This seems fixed for me in 2.6.33.6-147.2.4.fc13.i686.PAE (fedora13). # lspci | grep VGA 00:02.0 VGA compatible controller: Intel Corporation 82845G/GL[Brookdale-G]/GE Chipset Integrated Graphics Device (rev 03) Thanks!
Not resolved for me.... /var/log/messages ================= Aug 4 08:38:57 client1 kernel: [drm:i915_hangcheck_elapsed] *ERROR* Hangcheck timer elapsed... GPU hung Aug 4 08:38:57 client1 kernel: render error detected, EIR: 0x00000000 Aug 4 08:38:57 client1 kernel: [drm:i915_do_wait_request] *ERROR* i915_do_wait_request returns -5 (awaiting 31647 at 31643) cat /proc/cpuinfo | grep 'model name' ===================================== model name : Intel(R) Pentium(R) 4 CPU 2.40GHz uname -a ======== Linux client1 2.6.33.6-147.2.4.fc13.i686 #1 SMP Fri Jul 23 17:27:40 UTC 2010 i686 i686 i386 GNU/Linux lspci | grep VGA ================ lspci -s 00:02.* -vnn 00:02.0 VGA compatible controller [0300]: Intel Corporation 82845G/GL[Brookdale-G]/GE Chipset Integrated Graphics Device [8086:2562] (rev 01) (prog-if 00 [VGA controller]) Subsystem: Dell Device [1028:0126] Flags: bus master, fast devsel, latency 0, IRQ 16 Memory at e8000000 (32-bit, prefetchable) [size=128M] Memory at ff680000 (32-bit, non-prefetchable) [size=512K] Expansion ROM at <unassigned> [disabled] Capabilities: [d0] Power Management version 1 Kernel driver in use: i915 Kernel modules: i915
2.6.33.6-147.2.4.fc13.x86_64 appears to fix this issue for me as well
2.6.33.6-147.2.4.fc13.x86_64 seems to have fixed it here too, been running stable for a full day now which is far more than the previous attempts (up to and including 2.6.33.5-112.fc13.x86_64) ever survived.
I installed 2.6.33.6-147.2.4 on July 29 and have not have X / intel driver crash on me.

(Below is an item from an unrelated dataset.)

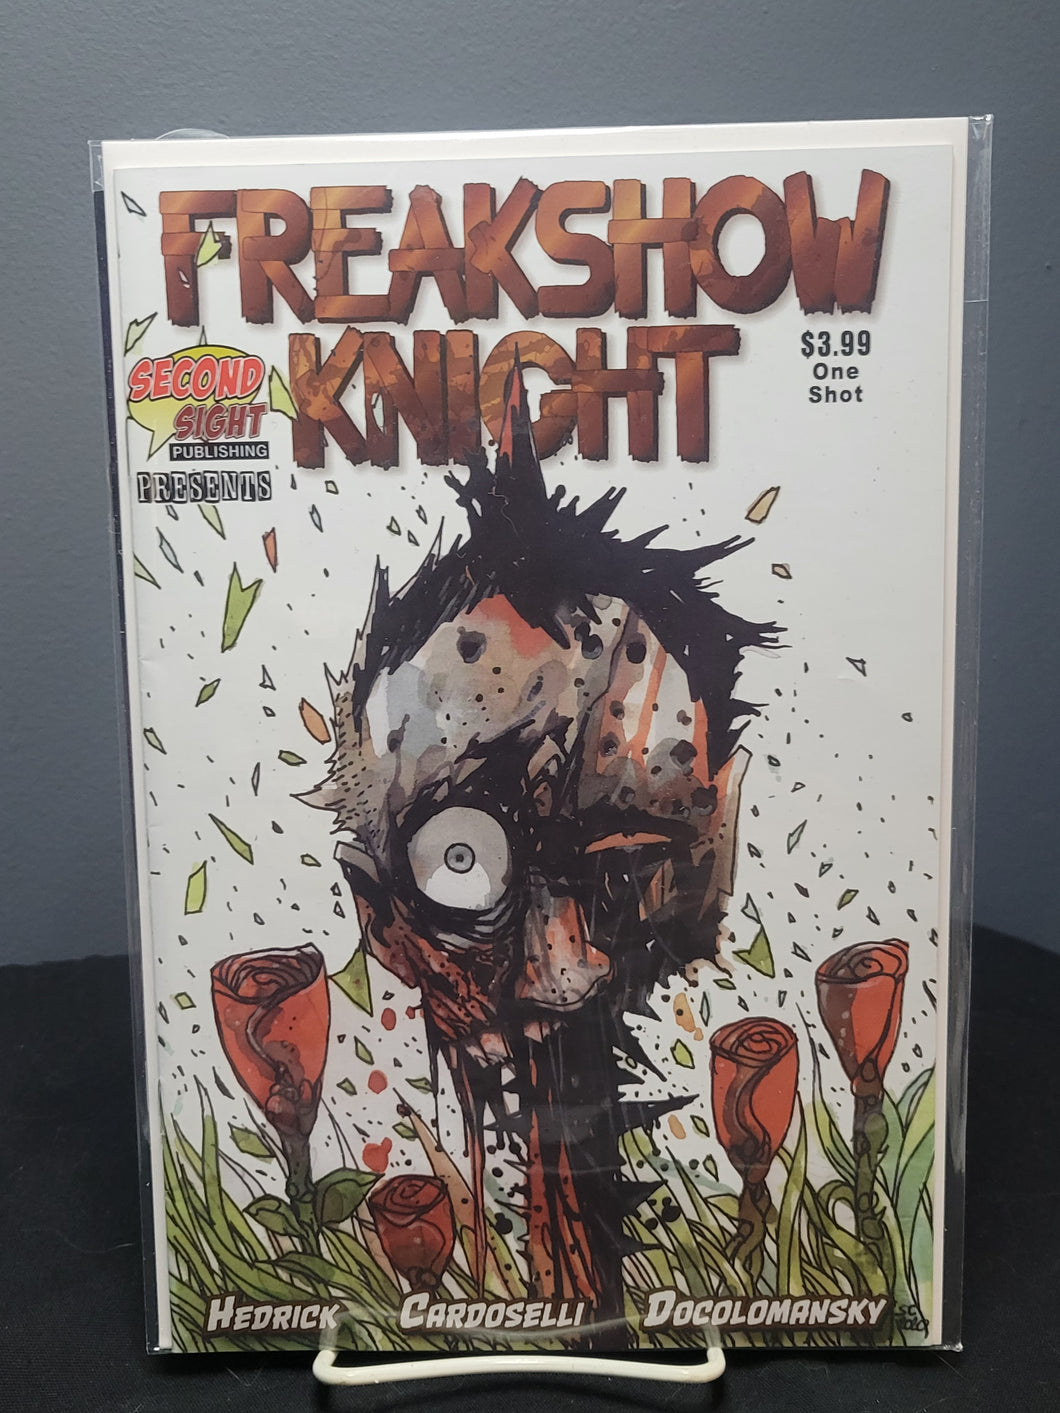 Freakshow Knight #1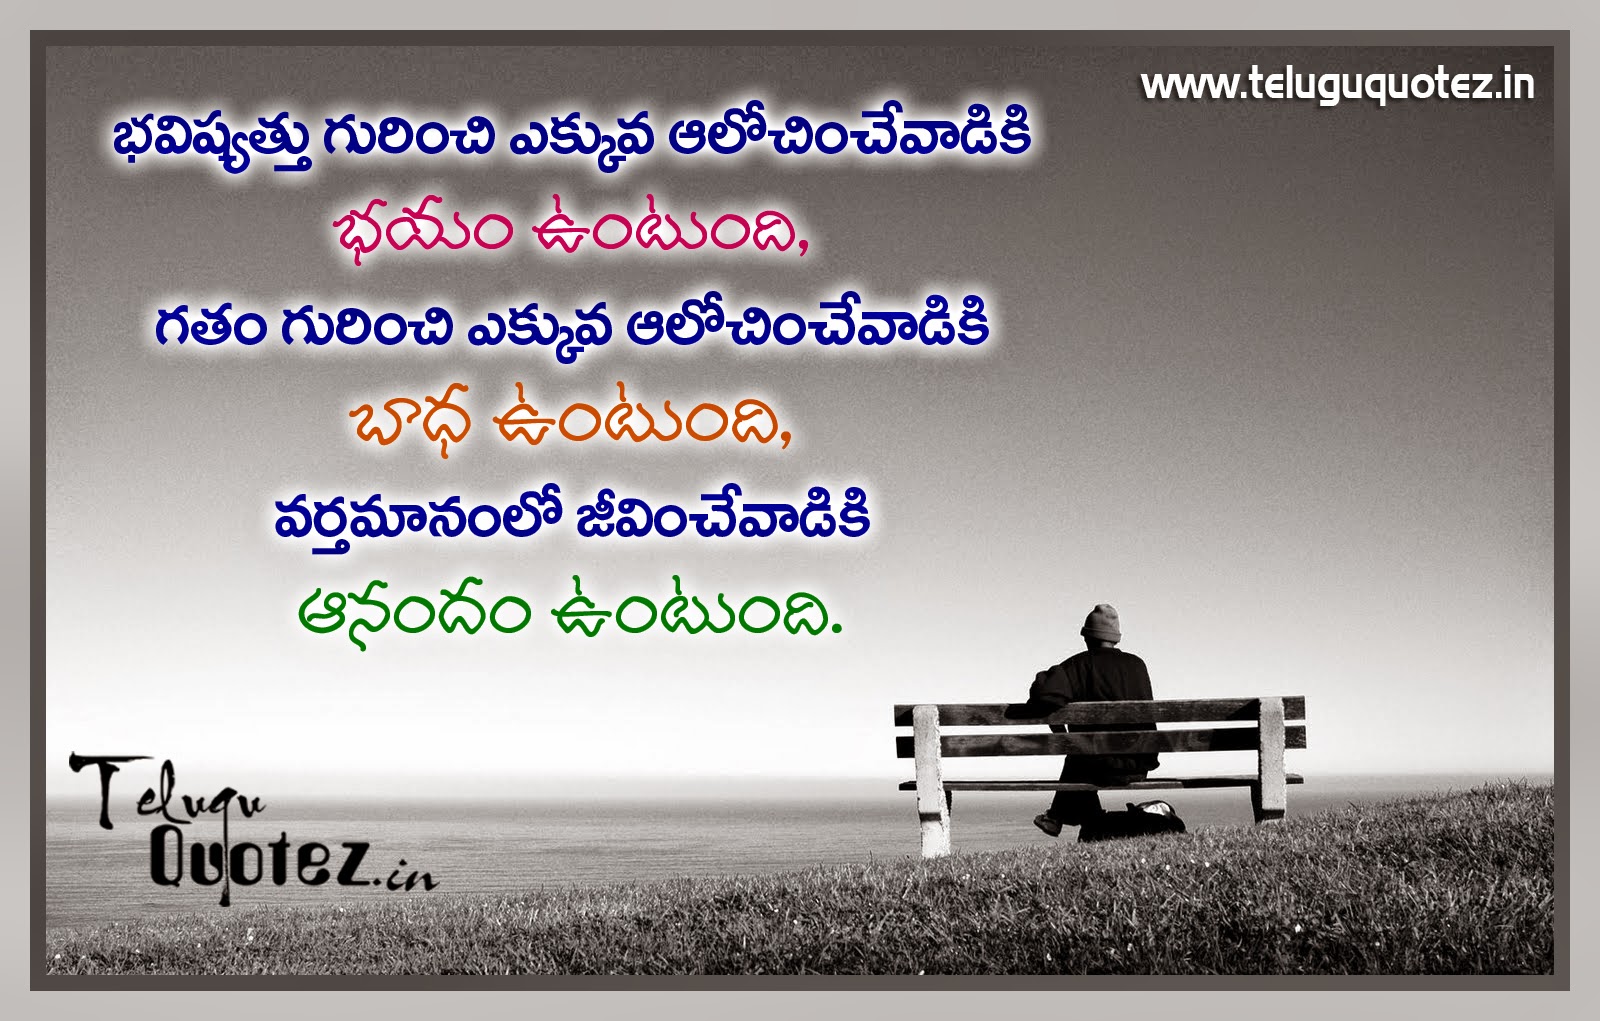 Telugu Quotes on Life Life quotes in Telugu Telugu quotes possitive telugu quotes on life best saying telugu quotes on life Beautyful life quotes in

A new report from me on the same machine (as was prev. used with this ticket/bugzilla entry): 1) kernel 2.6.33.3-85.fc13.x86_64, uptime 50 days, crashed/freeze with /var/log/messages: Aug 12 13:50:39 puga kernel: [drm:i915_hangcheck_elapsed] *ERROR* Hangcheck timer elapsed... GPU hung Aug 12 13:50:39 puga kernel: render error detected, EIR: 0x00000000 Aug 12 13:50:39 puga kernel: [drm:i915_do_wait_request] *ERROR* i915_do_wait_request returns -5 (awaiting 25696948 at 25696946) done a reboot: 2) same kernel 2.6.33.3-85.fc13.x86_64, uptime 5 minutes, crashed/freeze with the messages: Aug 12 14:01:11 puga kernel: [drm:i915_hangcheck_elapsed] *ERROR* Hangcheck timer elapsed... GPU hung Aug 12 14:01:11 puga kernel: render error detected, EIR: 0x00000000 Aug 12 14:01:11 puga kernel: [drm:i915_do_wait_request] *ERROR* i915_do_wait_request returns -5 (awaiting 13149 at 13147) 3) updated kernel by running "yum update kernel" to 2.6.33.6-147.2.4.fc13.x86_64, uptime 7 minutes, crashed/freeze with messages: Aug 12 14:14:23 puga kernel: [drm:i915_do_wait_request] *ERROR* i915_do_wait_request returns -5 (awaiting 13256 at 13255) Aug 12 14:14:23 puga kernel: [drm:i915_gem_do_execbuffer] *ERROR* Failed to pin buffer 1 of 2, total 83902464 bytes: -5 Aug 12 14:14:23 puga kernel: [drm:i915_gem_do_execbuffer] *ERROR* 594 objects [6 pinned], 433385472 object bytes [24612864 pinned], 192401408/260308992 gtt bytes
forgot to mention in the last comment, that after updating kernel with yum in third(3) try, I'm also (re)booted into it and had a crash. running x86_64 FC13.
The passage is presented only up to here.